Batfish is a tool to analyze network configurations that is in use at many large enterprises. This talk describes its journey from a research prototype to an industrial-strength product, guided by scalability, fidelity, and usability challenges encountered when analyzing complex, real-world networks. I will share key lessons from this evolution, including how Datalog-based logic programming had significant limitations when generating and analyzing forwarding state and how binary decision diagrams (BDDs) proved highly versatile. I also describe new techniques for addressing real-world challenges, which increase Batfish performance by three orders of magnitude and enable high-fidelity analysis of networks with thousands of nodes within minutes. I end with observations on key blockers (and ongoing work) on broader use of network verification, including the lack of automation inside most networks and lack of feedback on test quality.

Biography:

Ratul Mahajan is an Associate Professor at the University of Washington (Paul G. Allen School of Computer Science). He is also the co-director of UW FOCI (Future of Cloud Infrastructure) and an Amazon Scholar. Prior to that, he was a Co-founder and CEO of Intentionet, a company that pioneered intent-based networking and network verification, and a Principal Researcher at Microsoft Research. He got his PhD at the University of Washington and B.Tech at Indian Institute of Technology, Delhi, both in Computer Science and Engineering.
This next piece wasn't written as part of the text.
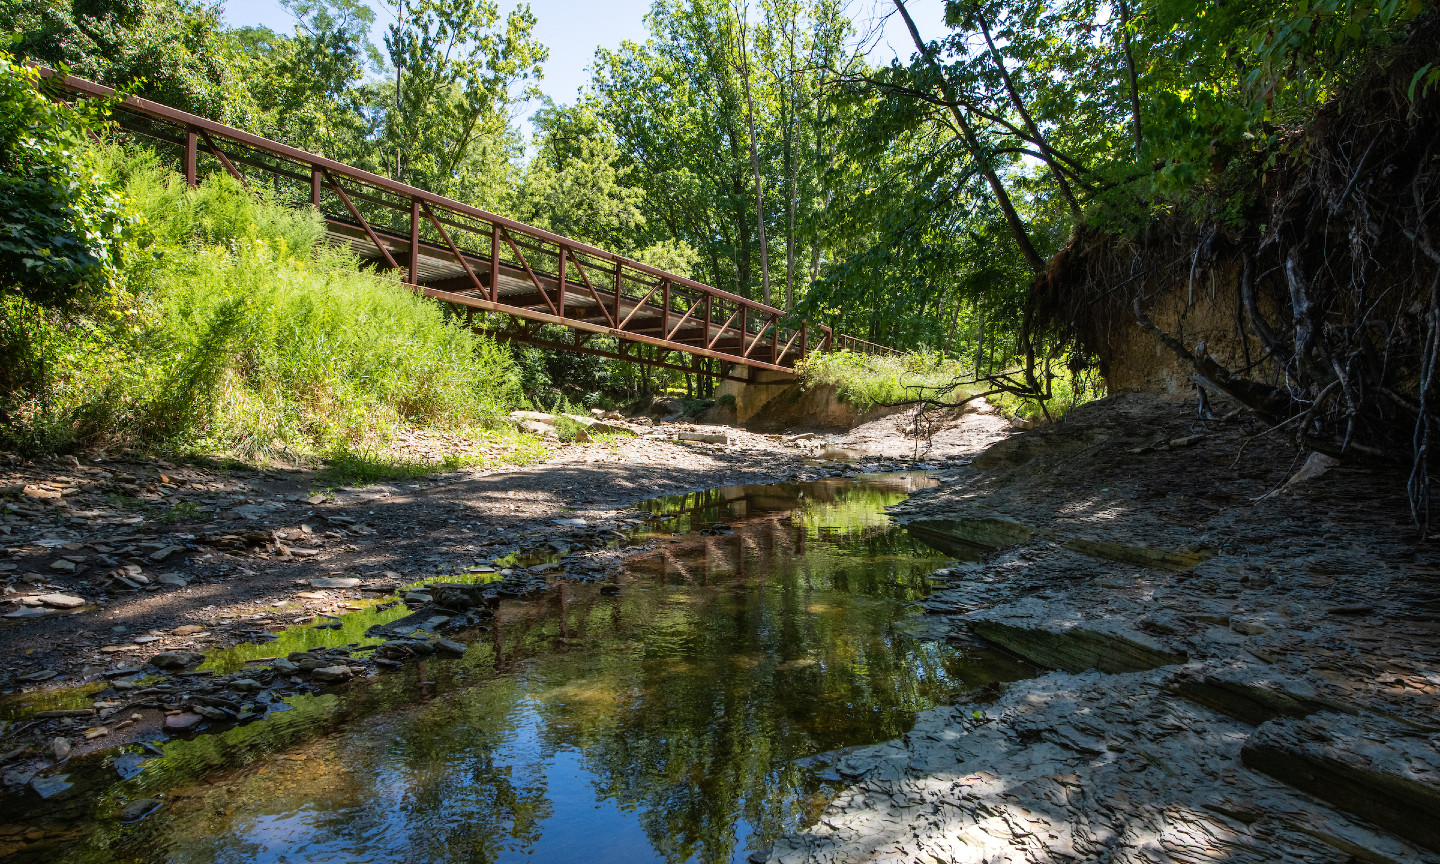 Connect with Cleveland Metroparks

Ratul is a computer systems researcher with a networking focus and has worked on a broad set of topics, including network verification, connected homes, network programming, optical networks, Internet routing and measurements, and mobile systems. He has published over fifty papers in top venues such as SIGCOMM, SOSP, MobiCom, CHI, and PLDI, and many of the technologies that he has helped develop are part of real-world systems at Microsoft and other companies.

Ratul has been recognized as an ACM Distinguished Scientist, an ACM SIGCOMM Rising Star, and a Microsoft Research Graduate Fellow. His papers have won the ACM SIGCOMM Test-of-Time Award, the IEEE William R. Bennett Prize, the ACM SIGCOMM Best Paper Awards (twice), and the HVC Best Paper Award.